■ **YOUR ASSIGNMENT**
Where does the word "pour" show up in the records? Copy every line that holds it.

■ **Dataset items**

****

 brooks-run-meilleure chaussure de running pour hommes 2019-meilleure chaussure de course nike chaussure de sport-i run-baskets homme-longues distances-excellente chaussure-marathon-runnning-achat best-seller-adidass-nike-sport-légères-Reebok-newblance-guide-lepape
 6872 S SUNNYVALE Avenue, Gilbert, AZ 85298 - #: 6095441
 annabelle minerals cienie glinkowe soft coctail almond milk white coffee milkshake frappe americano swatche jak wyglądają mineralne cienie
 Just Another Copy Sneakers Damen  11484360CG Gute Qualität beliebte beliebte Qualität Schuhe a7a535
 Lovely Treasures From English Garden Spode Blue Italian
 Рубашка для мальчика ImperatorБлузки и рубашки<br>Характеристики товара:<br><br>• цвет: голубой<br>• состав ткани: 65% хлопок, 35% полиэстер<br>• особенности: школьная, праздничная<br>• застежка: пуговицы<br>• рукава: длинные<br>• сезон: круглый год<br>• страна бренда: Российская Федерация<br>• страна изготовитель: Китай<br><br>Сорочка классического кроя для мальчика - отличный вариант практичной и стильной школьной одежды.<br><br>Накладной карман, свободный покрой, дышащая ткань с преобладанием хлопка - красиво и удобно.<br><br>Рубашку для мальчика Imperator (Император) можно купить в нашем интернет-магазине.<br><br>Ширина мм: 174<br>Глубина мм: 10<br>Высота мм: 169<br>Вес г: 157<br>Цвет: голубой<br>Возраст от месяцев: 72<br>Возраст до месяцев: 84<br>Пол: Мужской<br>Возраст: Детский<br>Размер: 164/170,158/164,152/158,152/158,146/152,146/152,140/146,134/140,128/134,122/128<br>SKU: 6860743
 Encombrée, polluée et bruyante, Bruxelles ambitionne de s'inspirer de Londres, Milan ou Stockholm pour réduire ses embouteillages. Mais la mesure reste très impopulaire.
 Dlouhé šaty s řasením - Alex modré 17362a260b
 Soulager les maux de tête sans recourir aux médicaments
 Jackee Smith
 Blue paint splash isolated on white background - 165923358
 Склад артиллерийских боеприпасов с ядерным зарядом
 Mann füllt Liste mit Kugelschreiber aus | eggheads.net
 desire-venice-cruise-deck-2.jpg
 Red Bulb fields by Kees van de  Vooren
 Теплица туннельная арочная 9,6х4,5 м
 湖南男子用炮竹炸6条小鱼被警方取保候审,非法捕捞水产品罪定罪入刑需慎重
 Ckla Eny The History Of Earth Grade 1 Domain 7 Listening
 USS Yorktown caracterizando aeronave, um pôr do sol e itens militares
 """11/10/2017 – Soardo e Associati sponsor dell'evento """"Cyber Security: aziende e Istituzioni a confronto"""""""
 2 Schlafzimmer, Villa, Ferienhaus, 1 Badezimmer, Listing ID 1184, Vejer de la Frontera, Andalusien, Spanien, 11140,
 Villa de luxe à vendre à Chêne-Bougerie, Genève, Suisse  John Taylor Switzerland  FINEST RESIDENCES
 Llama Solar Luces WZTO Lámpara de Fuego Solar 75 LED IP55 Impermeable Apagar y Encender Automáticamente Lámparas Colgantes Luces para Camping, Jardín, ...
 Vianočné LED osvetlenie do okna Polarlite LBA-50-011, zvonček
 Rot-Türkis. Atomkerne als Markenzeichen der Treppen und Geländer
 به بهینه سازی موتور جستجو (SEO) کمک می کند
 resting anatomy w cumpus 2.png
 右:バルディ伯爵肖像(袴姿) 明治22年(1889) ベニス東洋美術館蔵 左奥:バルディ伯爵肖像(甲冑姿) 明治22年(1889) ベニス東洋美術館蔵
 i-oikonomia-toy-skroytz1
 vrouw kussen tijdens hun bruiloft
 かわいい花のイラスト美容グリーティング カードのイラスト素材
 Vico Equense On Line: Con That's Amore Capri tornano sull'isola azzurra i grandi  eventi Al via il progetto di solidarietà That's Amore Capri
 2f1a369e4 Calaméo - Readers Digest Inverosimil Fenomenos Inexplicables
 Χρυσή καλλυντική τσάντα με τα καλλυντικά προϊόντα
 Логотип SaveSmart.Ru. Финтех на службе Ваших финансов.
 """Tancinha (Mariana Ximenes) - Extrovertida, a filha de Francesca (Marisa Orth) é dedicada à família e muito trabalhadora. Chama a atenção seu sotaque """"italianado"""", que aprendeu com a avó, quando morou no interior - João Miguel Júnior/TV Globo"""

****

■ **RESPONSE BELOW**
 brooks-run-meilleure chaussure de running pour hommes 2019-meilleure chaussure de course nike chaussure de sport-i run-baskets homme-longues distances-excellente chaussure-marathon-runnning-achat best-seller-adidass-nike-sport-légères-Reebok-newblance-guide-lepape
 Encombrée, polluée et bruyante, Bruxelles ambitionne de s'inspirer de Londres, Milan ou Stockholm pour réduire ses embouteillages. Mais la mesure reste très impopulaire.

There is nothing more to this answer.